**SUPPLIED RECORDS:**
○ ○ ○ ○ ○

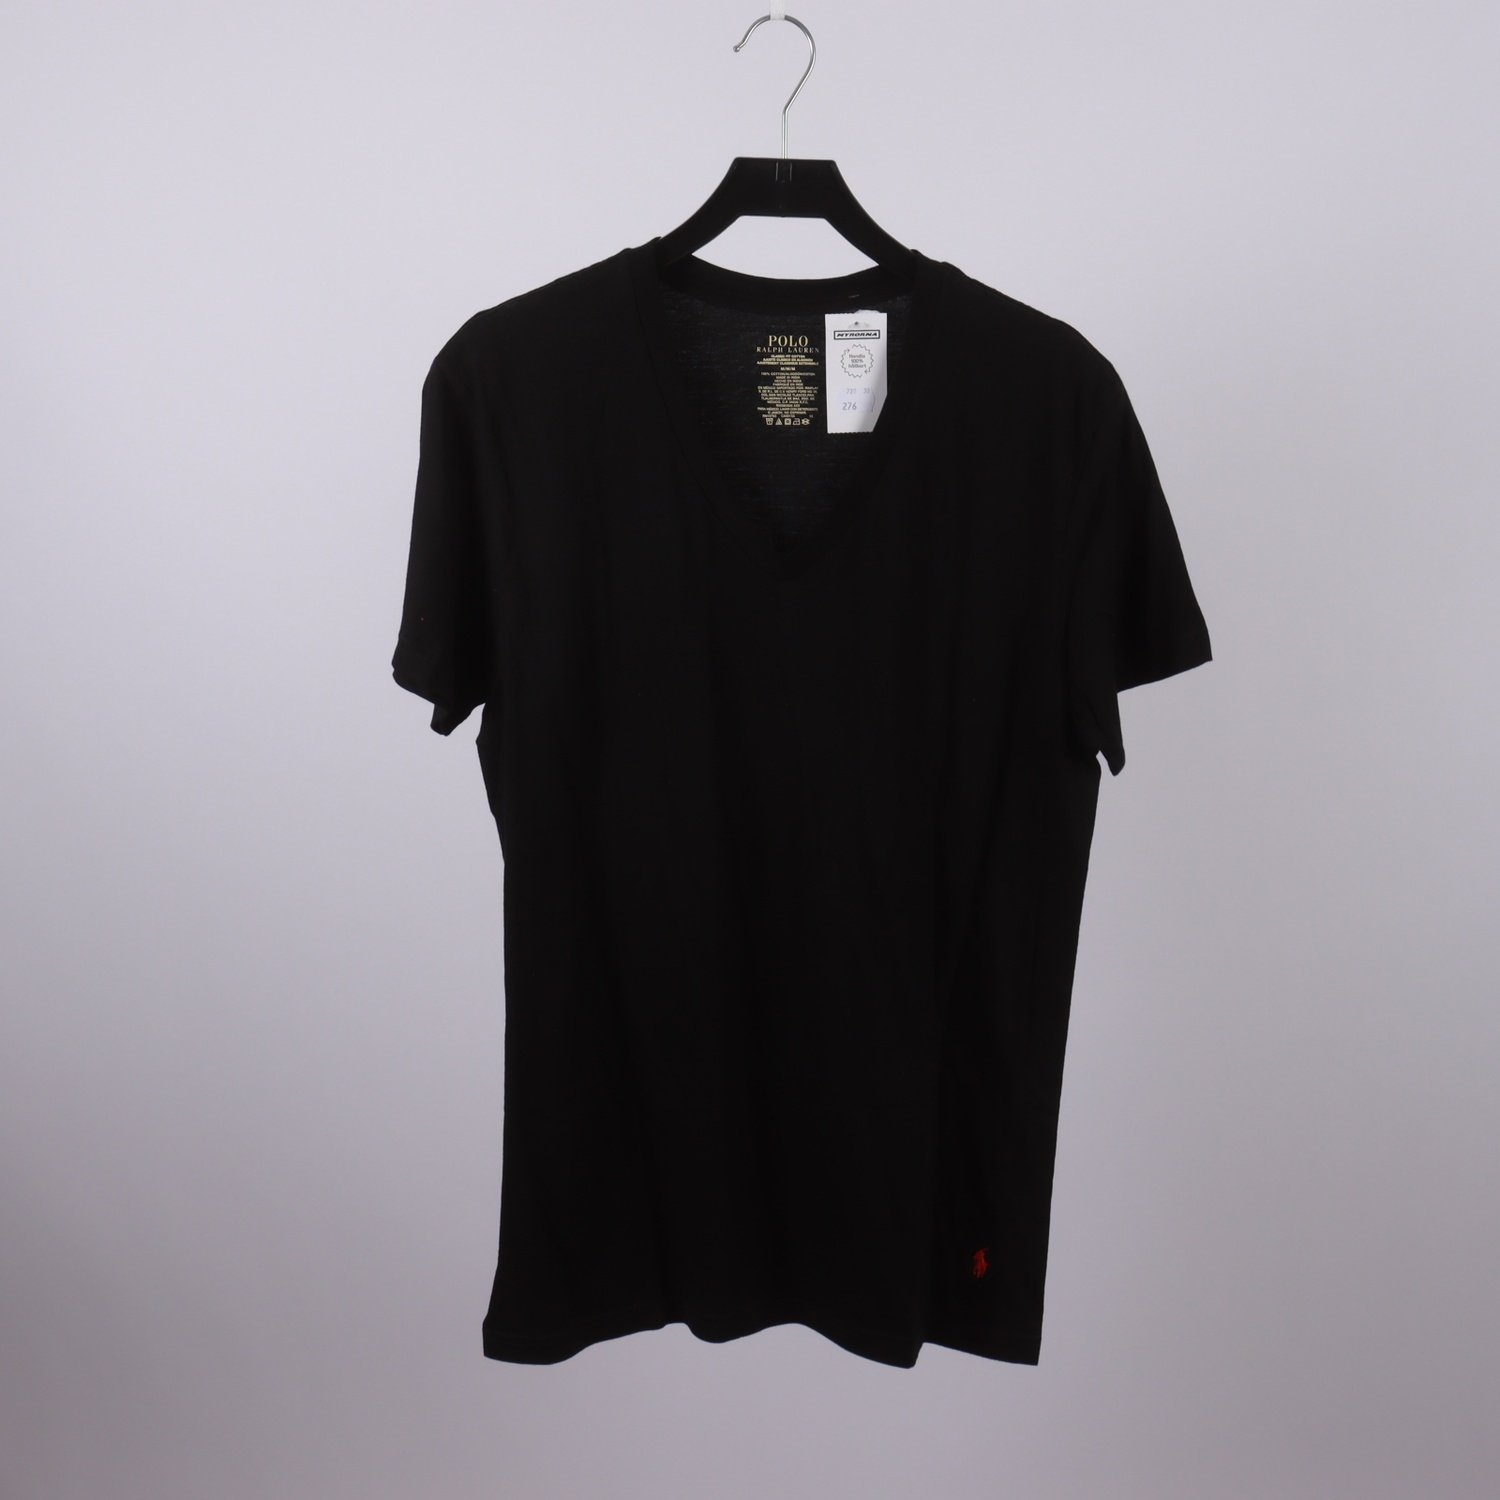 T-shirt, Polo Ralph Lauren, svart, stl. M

○ ○ ○ ○ ○

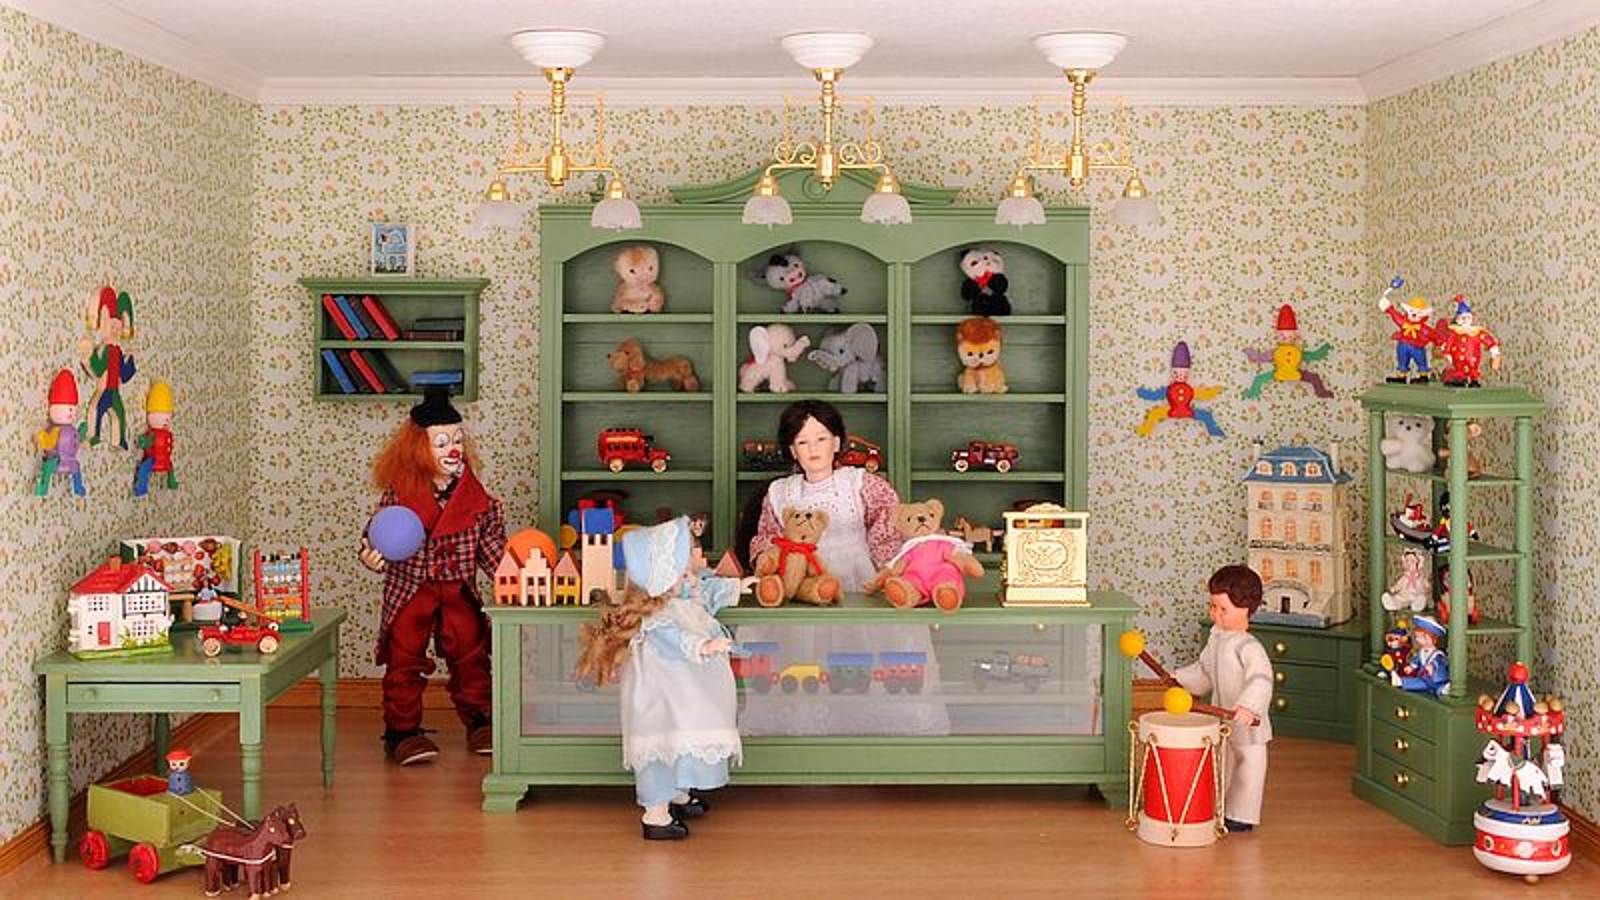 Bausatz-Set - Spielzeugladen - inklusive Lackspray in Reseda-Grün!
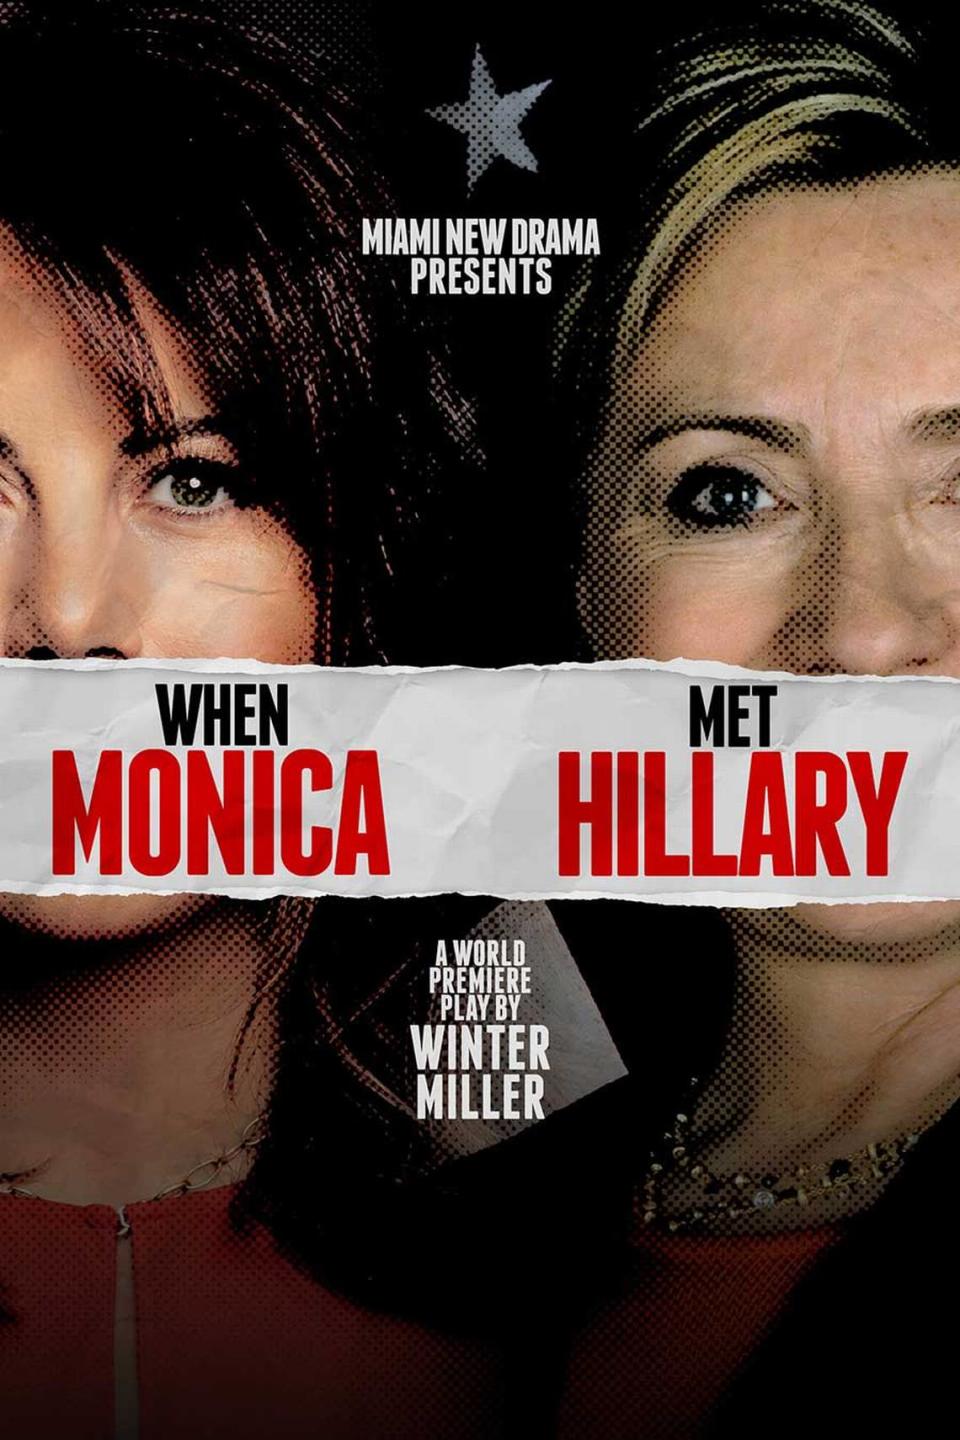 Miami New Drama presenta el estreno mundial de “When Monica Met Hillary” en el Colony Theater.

○ ○ ○ ○ ○

**TASK:** Working from the entries above, please transcribe only the lines from the line with "Bausatz-Set - Spielzeugladen" through the line with "Miami New Drama", exactly, with both end lines and without pictures.

**RESPONSE BOX:**
 Bausatz-Set - Spielzeugladen - inklusive Lackspray in Reseda-Grün!
 Miami New Drama presenta el estreno mundial de “When Monica Met Hillary” en el Colony Theater.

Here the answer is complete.